> _ASSIGNED TASK_:
Dropping every picture, set down exactly the lines in the entries below, starting with the line with "WiZ IMAGEO Spots" and going on through the line with "Настольная лампа Reluce".

> _ENTRIES PROVIDED_:
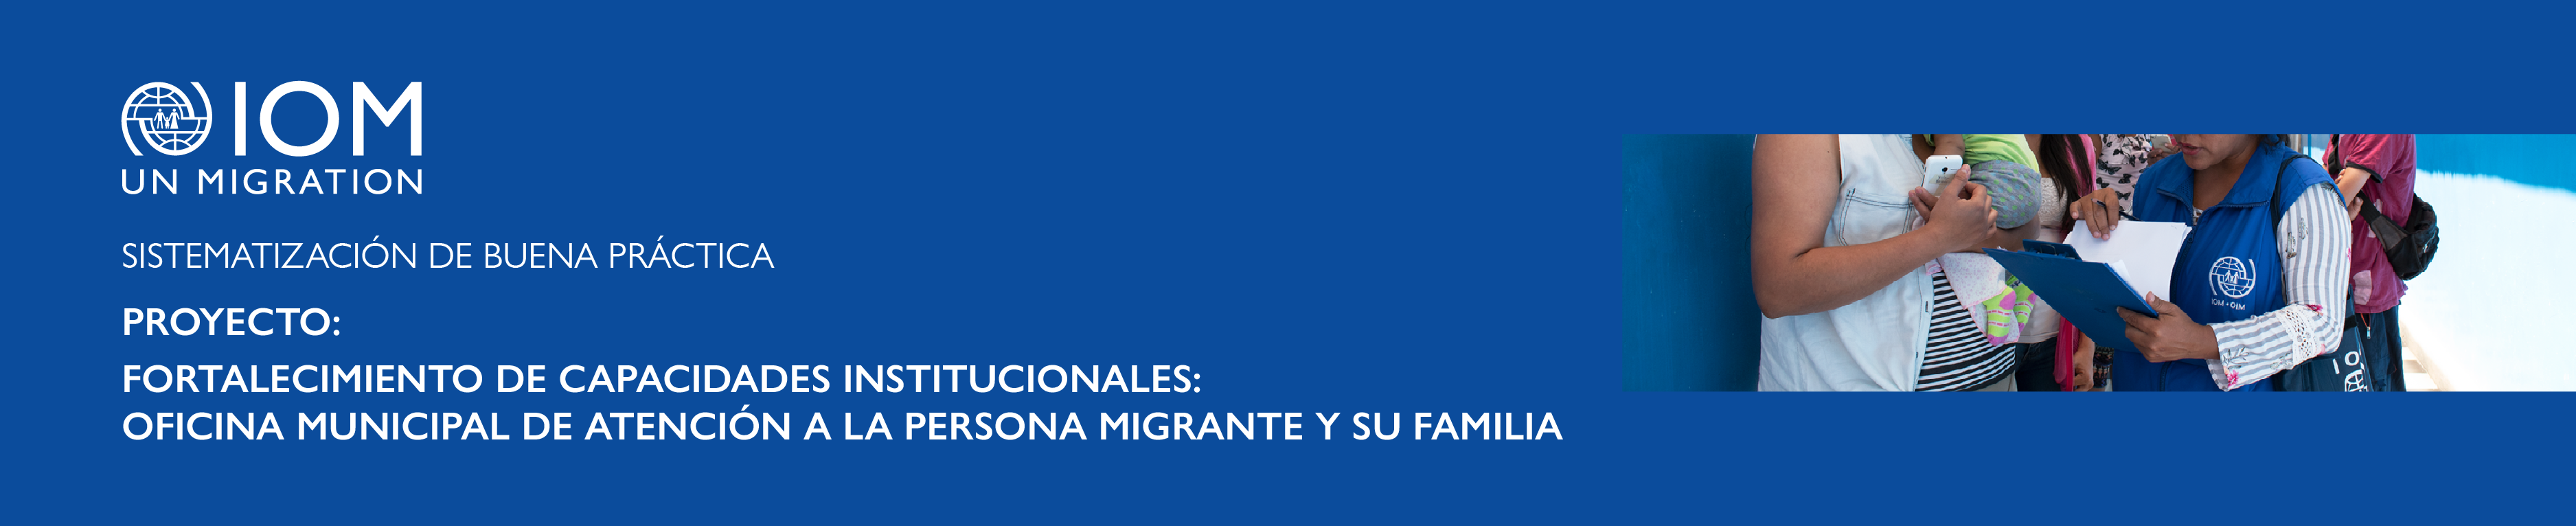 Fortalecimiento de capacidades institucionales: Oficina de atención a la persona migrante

* * *

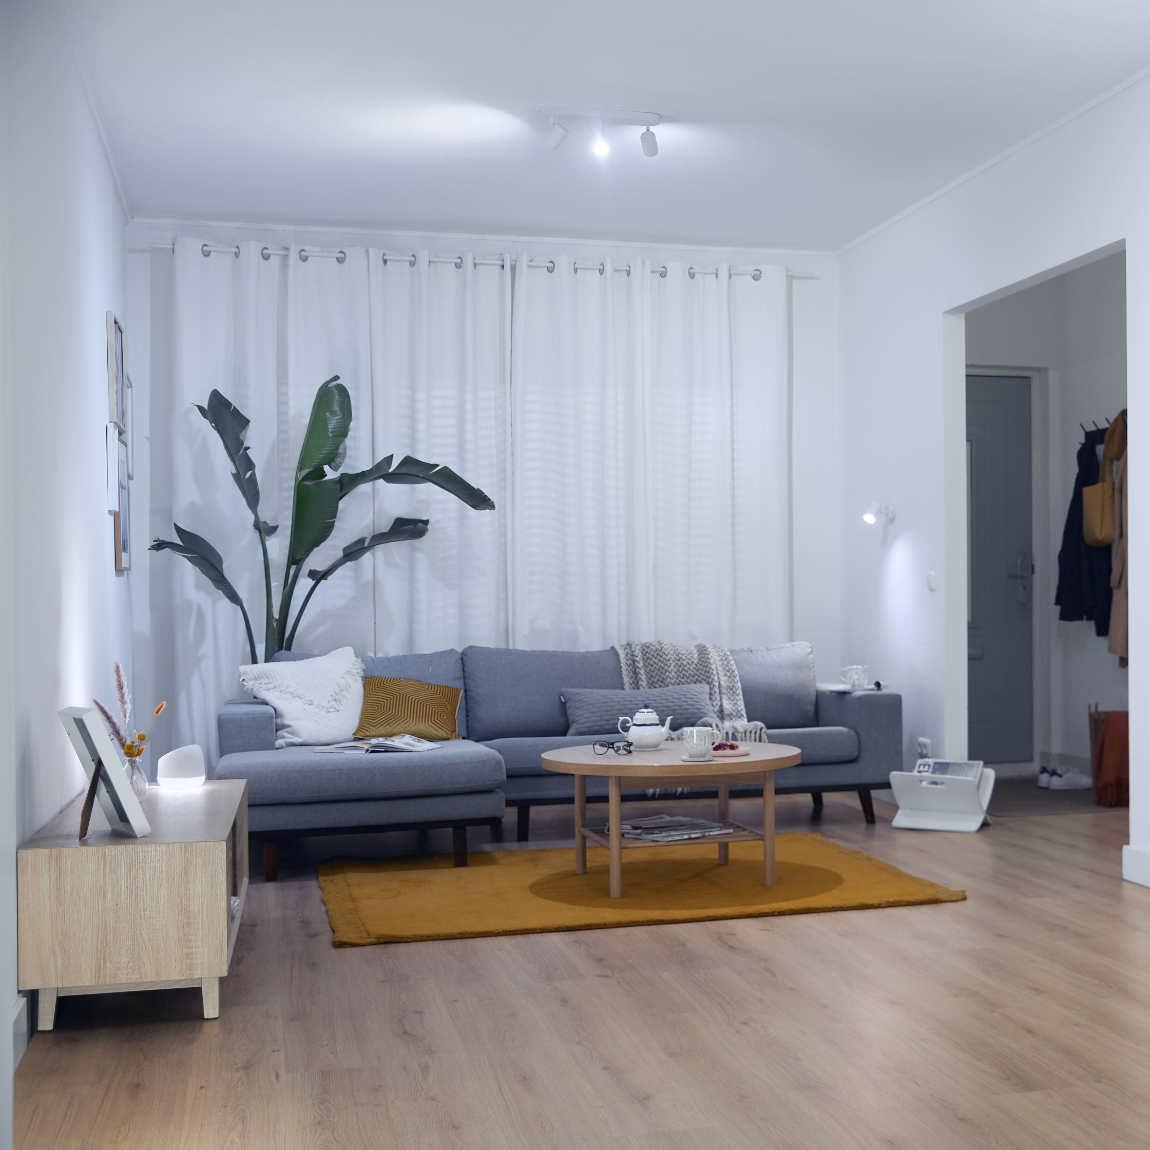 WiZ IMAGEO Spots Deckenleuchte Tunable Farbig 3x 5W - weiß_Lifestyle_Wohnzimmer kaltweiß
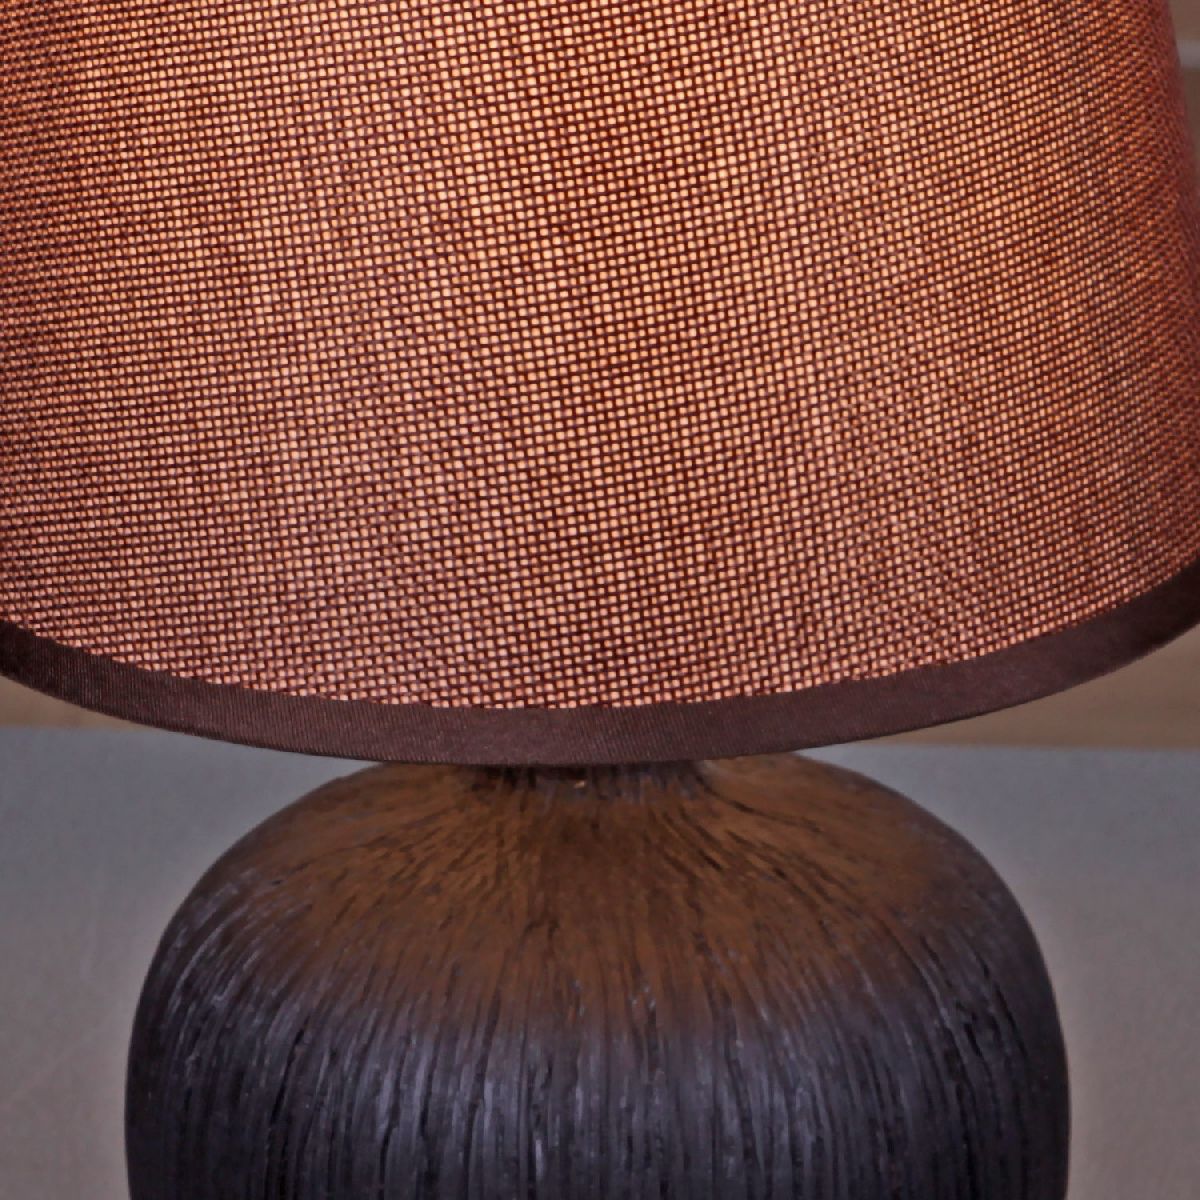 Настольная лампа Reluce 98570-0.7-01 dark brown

> _SOLVED PROBLEM_:
 WiZ IMAGEO Spots Deckenleuchte Tunable Farbig 3x 5W - weiß_Lifestyle_Wohnzimmer kaltweiß
 Настольная лампа Reluce 98570-0.7-01 dark brown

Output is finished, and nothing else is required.